The presence of web tracking technology has grown to a near-ubiquitous state as web pages contain a growing number of trackers, representing progressively more and more third parties, that employ an increasingly diverse set of tracking techniques. The current discourse surrounding web tracking has focused on the collection of browsing data and its use in the estimated $566B online advertising industry in the United States. As a result, existing privacy protections, both through tools like ad blockers and policy mechanisms like cookie consent banners, have been designed to provide a binary choice to users: either opt-in or optout of web tracking. To the user, this frames the issue of web tracking, and all derived use of data collected therein, as either inherently good or bad. However, this thesis demonstrates browsing data collected through web tracking can be used to both inflict privacy harm and to provide security benefits to users—providing evidence that the emphasis of our current privacy framework should be placed on data use, not data collection.

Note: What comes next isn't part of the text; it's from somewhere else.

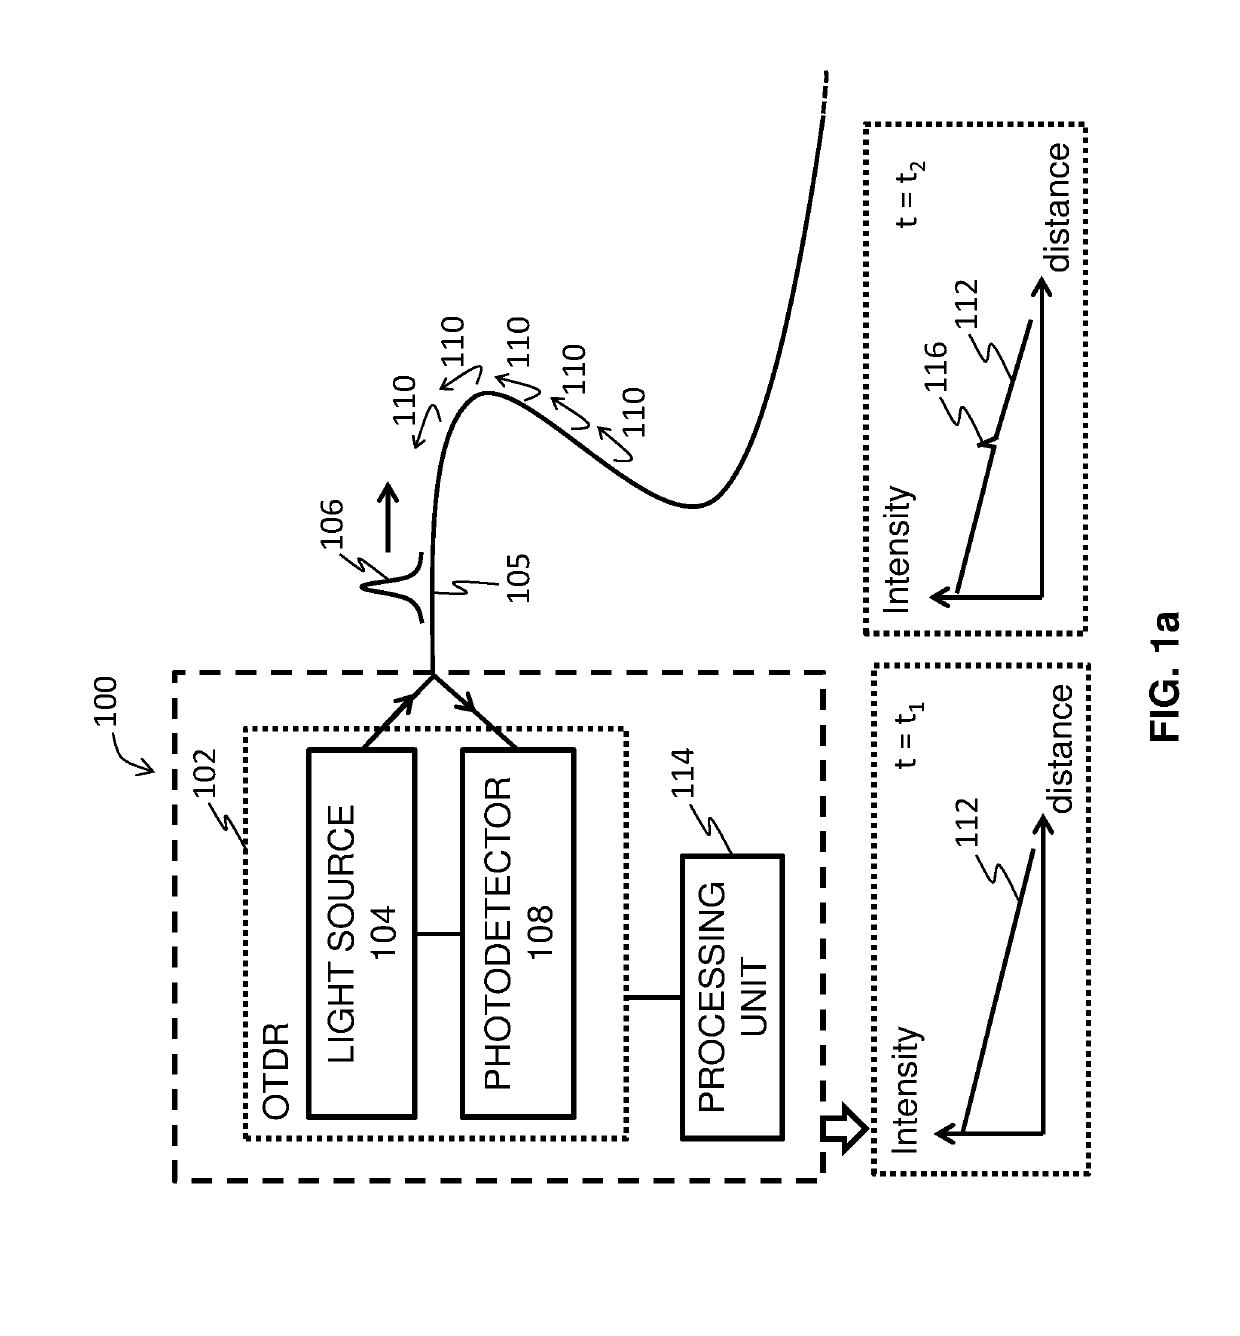 Method and system for distributed acoustic sensing

Our limited understanding of web tracking, and its potential uses, derives from the lack of reliable browsing data that is available to researchers. While information about how users browse the web is abundantly collected in the private sector, for proprietary reasons it is rarely distributed. As such, this thesis starts with an examination of recruitment and retention in several longitudinal measurement panels, a recently employed method that has provided researchers with detailed browsing data collected over long periods of time. We provide a set of best practices and recommendations for the design of future web browsing studies. Using data from one of these panels, we then provide an updated and more detailed snapshot of how users browse the web. Among other findings, we demonstrate that individual browsing patterns are relatively unique but also habitual, and that there are common patterns leading users to less travelled, riskier areas of the internet.

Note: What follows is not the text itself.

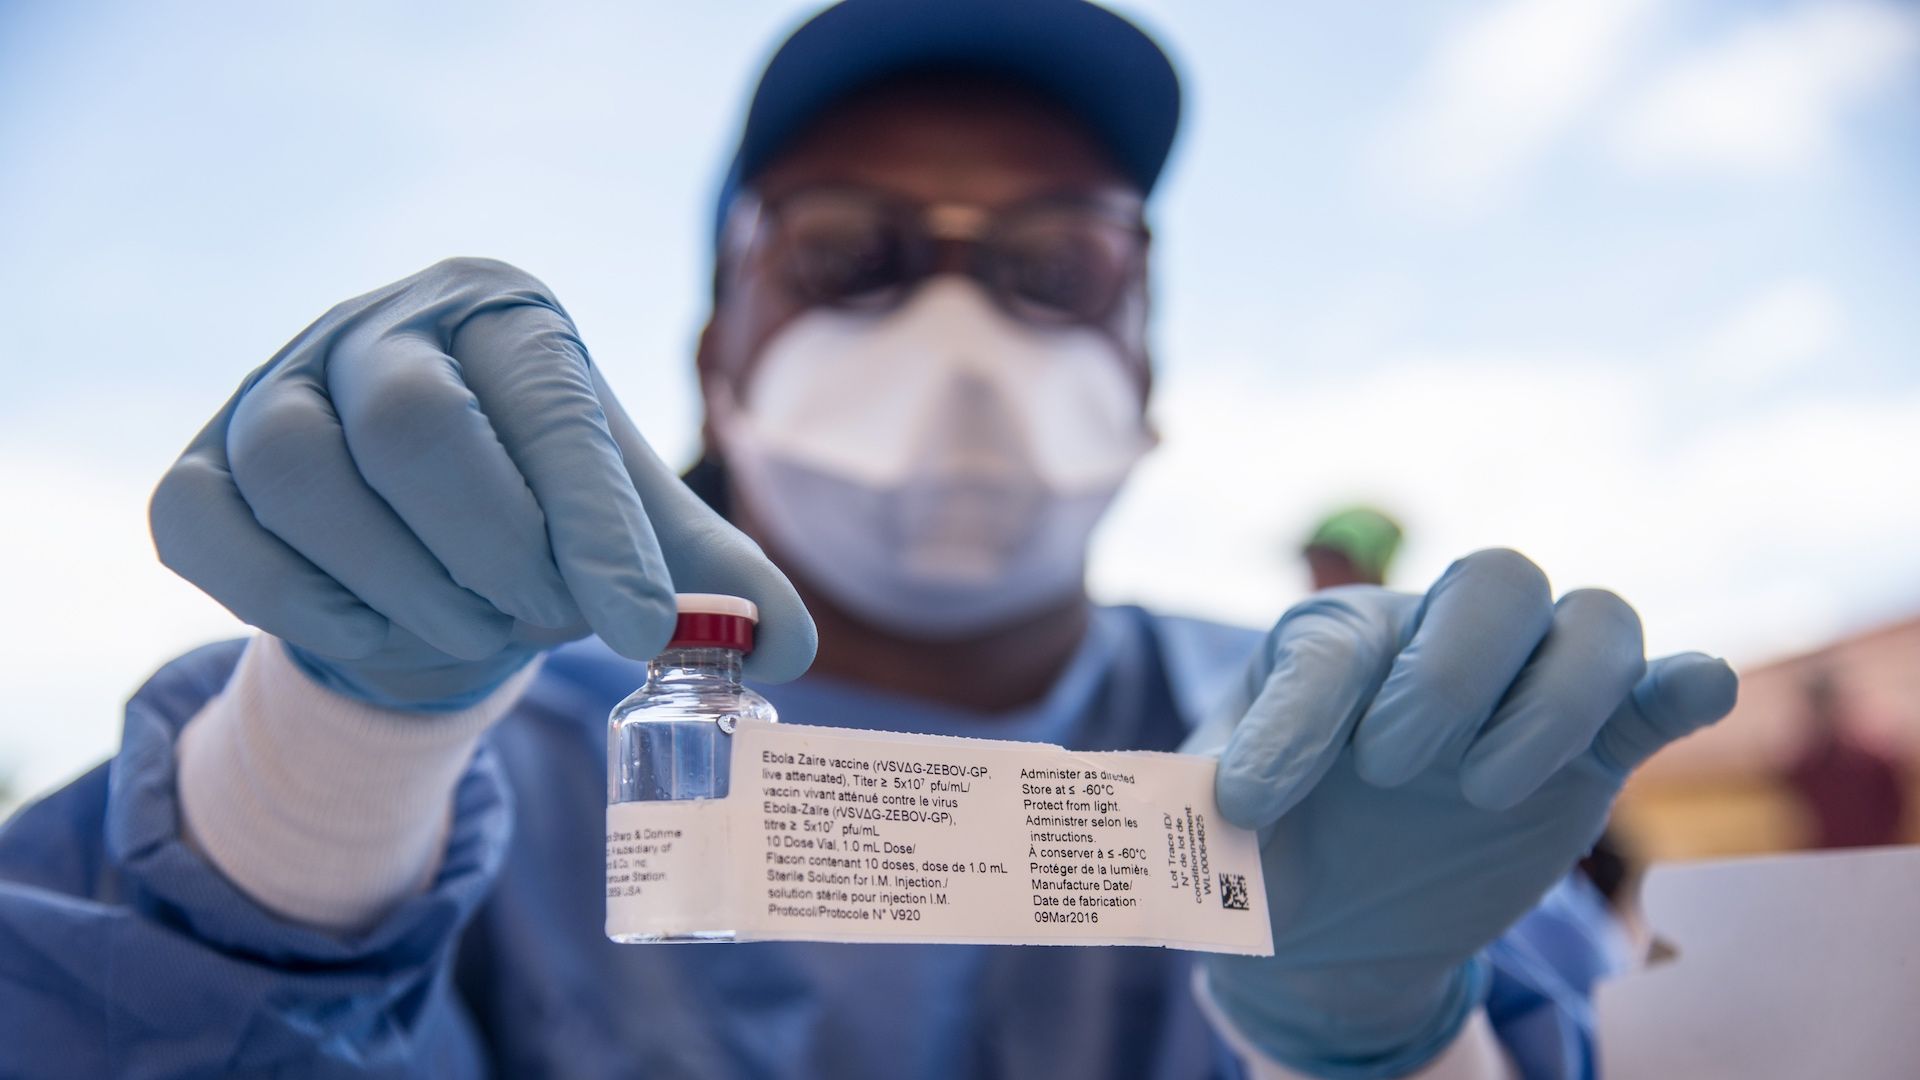 Health care worker in the DRC holds a vial of the experimental Ebola virus vaccine.

Building upon this foundation, in subsequent chapters we demonstrate that user browsing data collected through web tracking can be used to the detriment of users’ privacy but also to improve security outcomes. In terms of privacy harms, we first show that a user’s unique browsing behavior, their behavioral fingerprint, can be used to greatly reduce online anonymity and, combined with browser fingerprinting, can provide trackers with robust cross-site tracking methods without using browser cookies. Next, we demonstrate that information about visiting sensitive websites can be inferred from the advertising profiles generated by a major data aggregator, indicating that even legitimate use of browsing data presents a privacy risk to users. Finally, we also show that there are security benefits to web tracking by detecting user exposure to malicious websites based on their prior browsing activity.

Based on these findings, we recommend that the current privacy framework surrounding web tracking place greater emphasis on how browsing data is used, rather than simply its collection. We evaluate a range of use cases for browsing data, provide recommendations to policymakers, and advocate for an expansion of user choice that involves options to consent to data collection for specific purposes. We close with a discussion of the challenges and opportunities that the dual nature of web tracking presents and make recommendations for future research.